Barclays has reported record figures for 2009 this week. Annual revenues hit a record £31bn and overall pre-tax profits (boosted heavily by the sale of money manager Barclays Global Investor) were a record £11.6bn. Underlying pre-tax profits of £5.6bn were more than triple the 2008 figure. Almost half came from the group’s investment bank, Barclays Capital. Bad debts, although almost 50% higher at £8bn than for 2008, came in £1bn lower than expected.
What the commentators said
Amid all the hoo-ha over what a great performance this was, few remembered that taxpayers and the government are “propping up the Barclays bonanza”, said Simon English in the Evening Standard. Barclays may not have had a capital injection from the government, but it has benefited from the implied state guarantee behind major UK banks.

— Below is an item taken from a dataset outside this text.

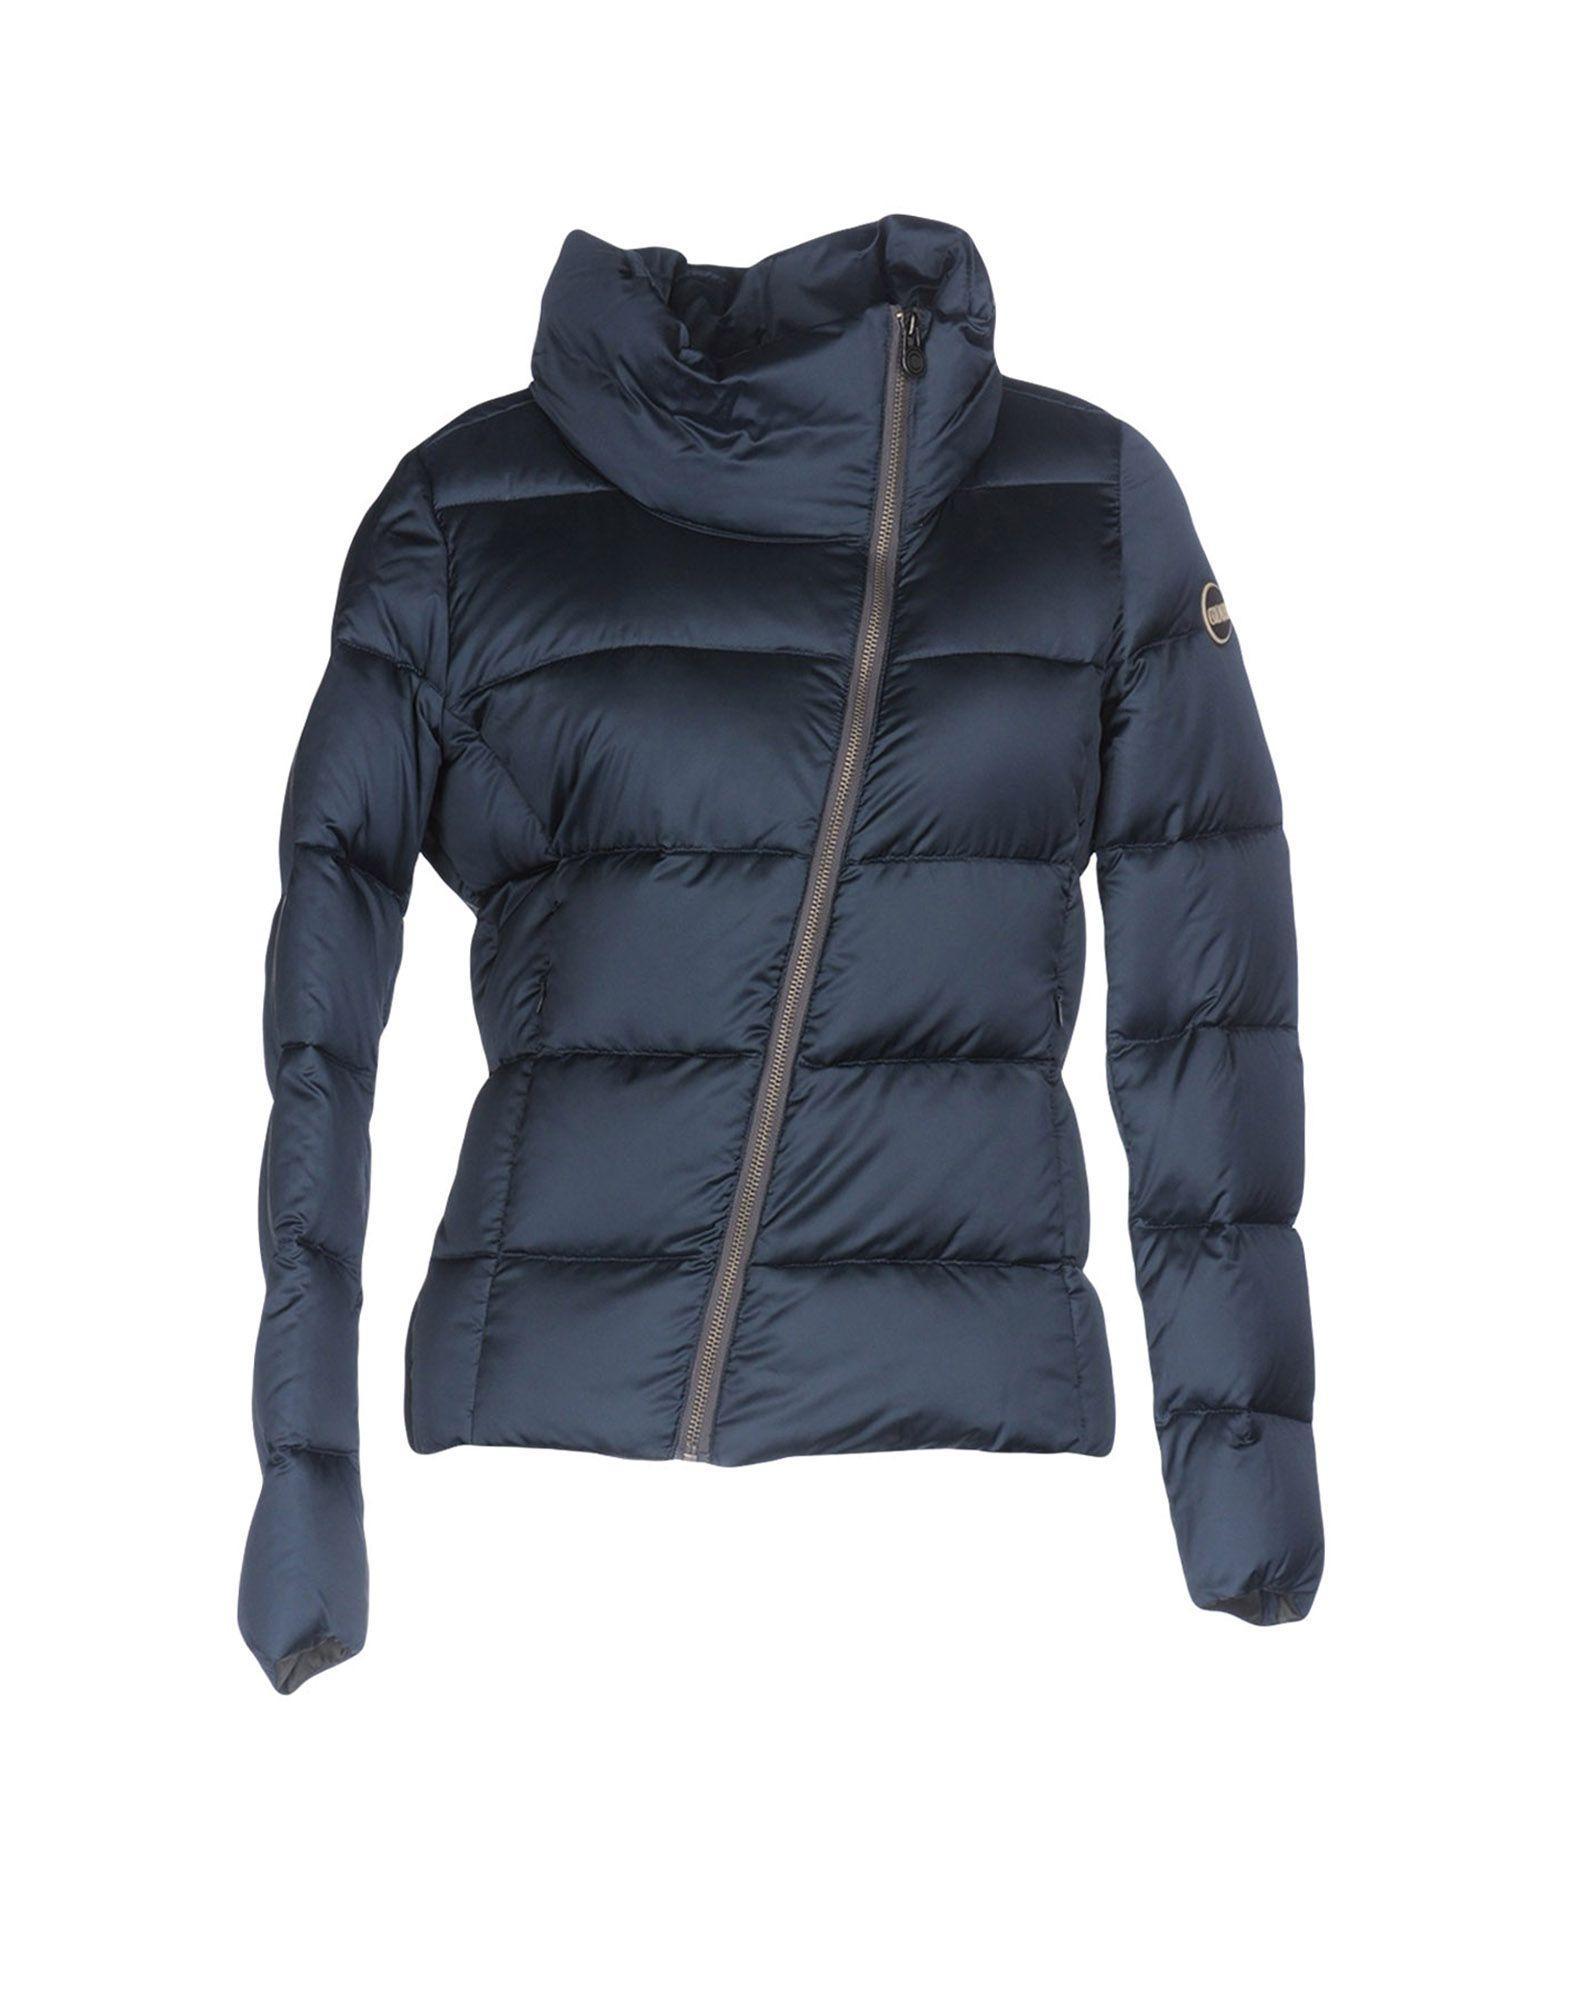 Colmar Originals Down Jacket In Slate Blue
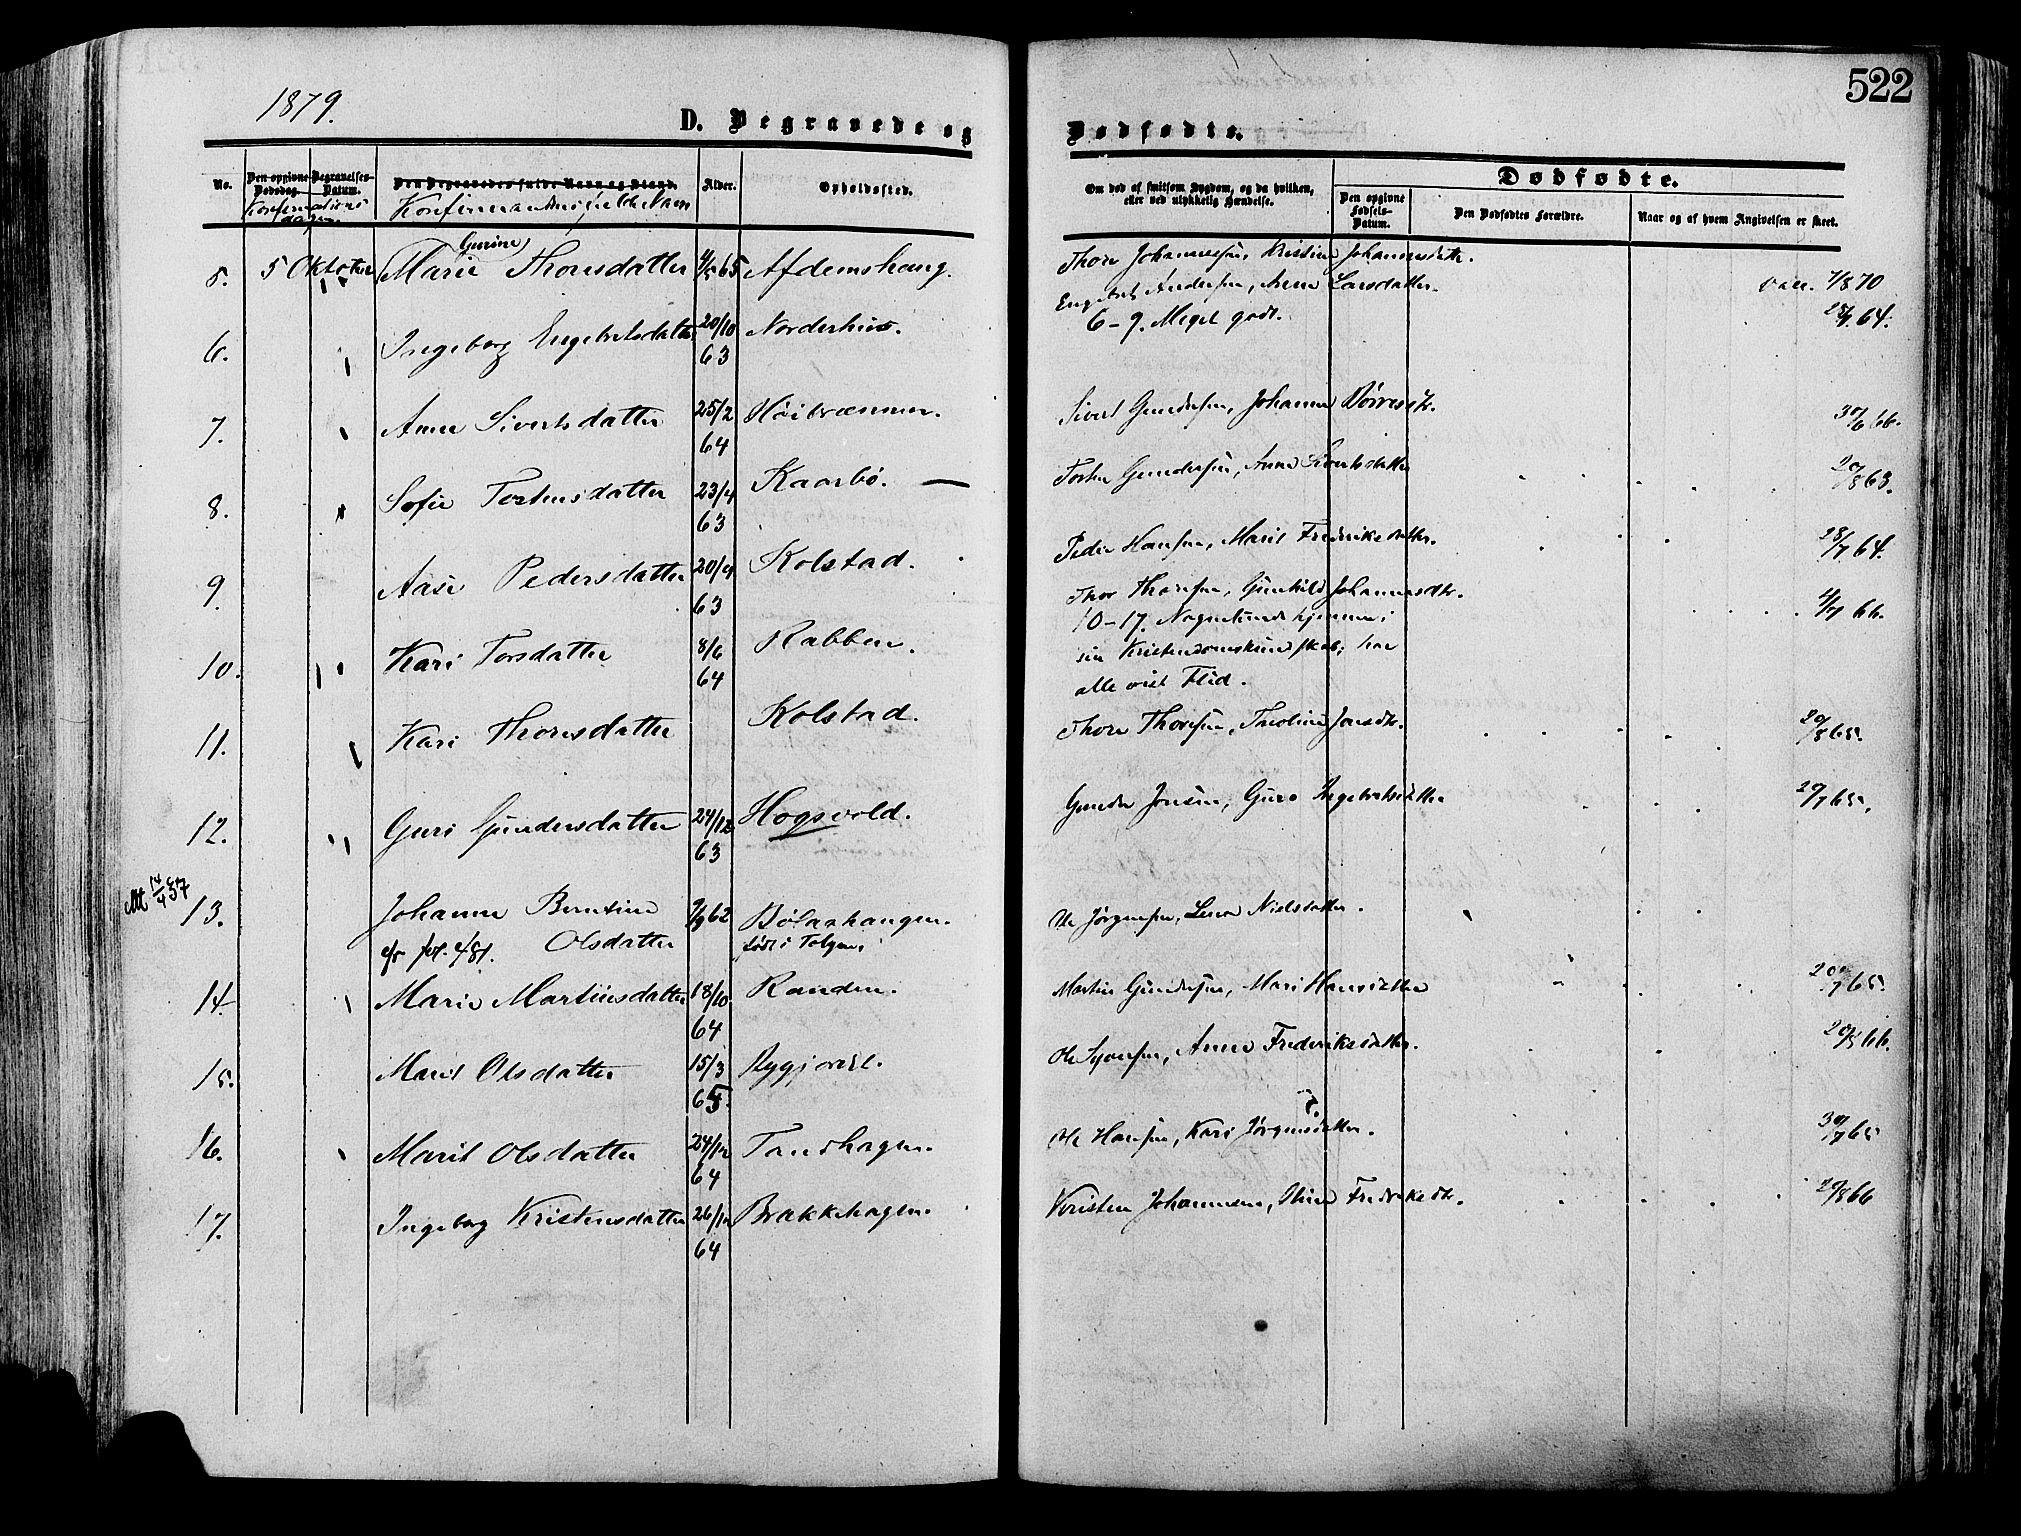 SAH, Lesja prestekontor, Ministerialbok nr. 8, 1854-1880, s. 522

Then there’s the stimulus programme. Quantitative easing has boosted balance sheets, while near-zero interest rates mean Barclays’ cost of capital has been “slashed to as near zero as makes no difference”. Any business “able to borrow for nothing could make money simply by lending it out for slightly more”. Meanwhile, can we be certain that the bad debt problem is over? The bank thinks “the worst is behind it”, said The Independent’s David Prosser. If that’s true, “it will be quite an achievement, given the severity of the global downturn”.